Area: Making assertions about external triples
- Members of this group are very early in explorations of this work.
- Want to make a local correction or add additional info / context to a triple owned externally
- Implies that we need the external resource to be versioned, which necessitates caching.
- Also want to record author of the assertion
- Can be done with either named graphs or reification.
- Also discussed on 2015-08-06 as 'meta-authority records'
Area: Generally sharing projects and helping one another
- Working around usage Limits from LC (2015-01-07)
- How to link the same concept in two vocabularies (2015-01-07)
- Metadata enrichment initiative: https://github.com/boston-library/mei (2015-12-10, 2015-11-12, 2015-07-23)
- Minting Linked Data URIs / Hosting Linked Data Vocabulary: https://github.com/OregonDigital/ControlledVocabularyManager (2015-11-12)
Personal notes from 2016.01.07 meeting
* linked data coding work happening in active triples.
* goal of this group - local cache of linked data in use by the application
* LDF spec - implementation is triple pattern fragments - lightweight querying, not the whole SPARQL interface.

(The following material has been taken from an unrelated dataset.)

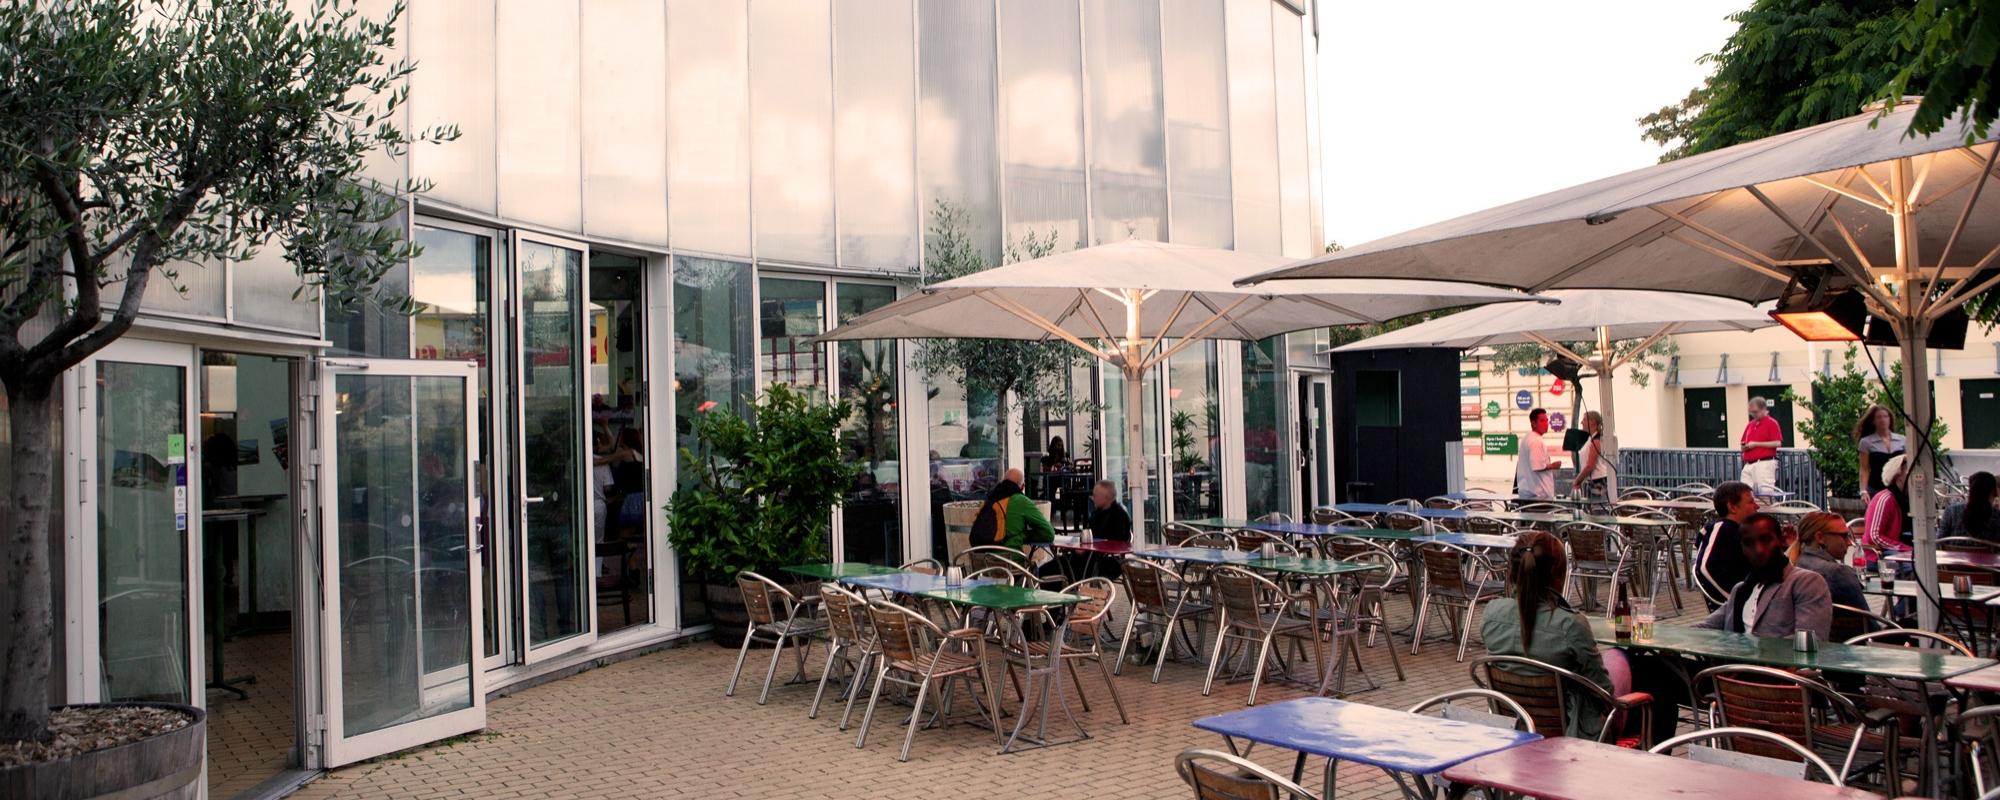 Glasbyggnaden Folkets Orangeri i dagsljus. Framför byggnaden stå några bord, stolar och parasoll.

* this WG has a similar implementation - you send it a subject and it gives you back everything about that subject. caching happens in the back. implementation does this with switchable back ends, lead is marmotta.
* other hydra people’s hydra thing. (hydra ontology)
forthcoming:
Also look at descriptive metadata group.
* creation of properties / ontologies for vocabularies
* creation of custom vocabularies.
controlled vocabulary manager - a repo - look at notes from last two meetings - powers opaquenamespace. (https://github.com/OregonDigital/ControlledVocabularyManager)
sanderson has a custom proof-of-concept code using marmotta.
no one in this group currently has a lot of bandwidth to be doing this work; mostly sharing ideas.
Corey offers to read a grant proposal.
Other standing item.
Use case - everything as a stored field in Solr so we can do atomic updates.
OCR complicates this because it’s so big that you don’t want it returned every time you request the document. there’s a patch to exclude a field but it’s currently broken.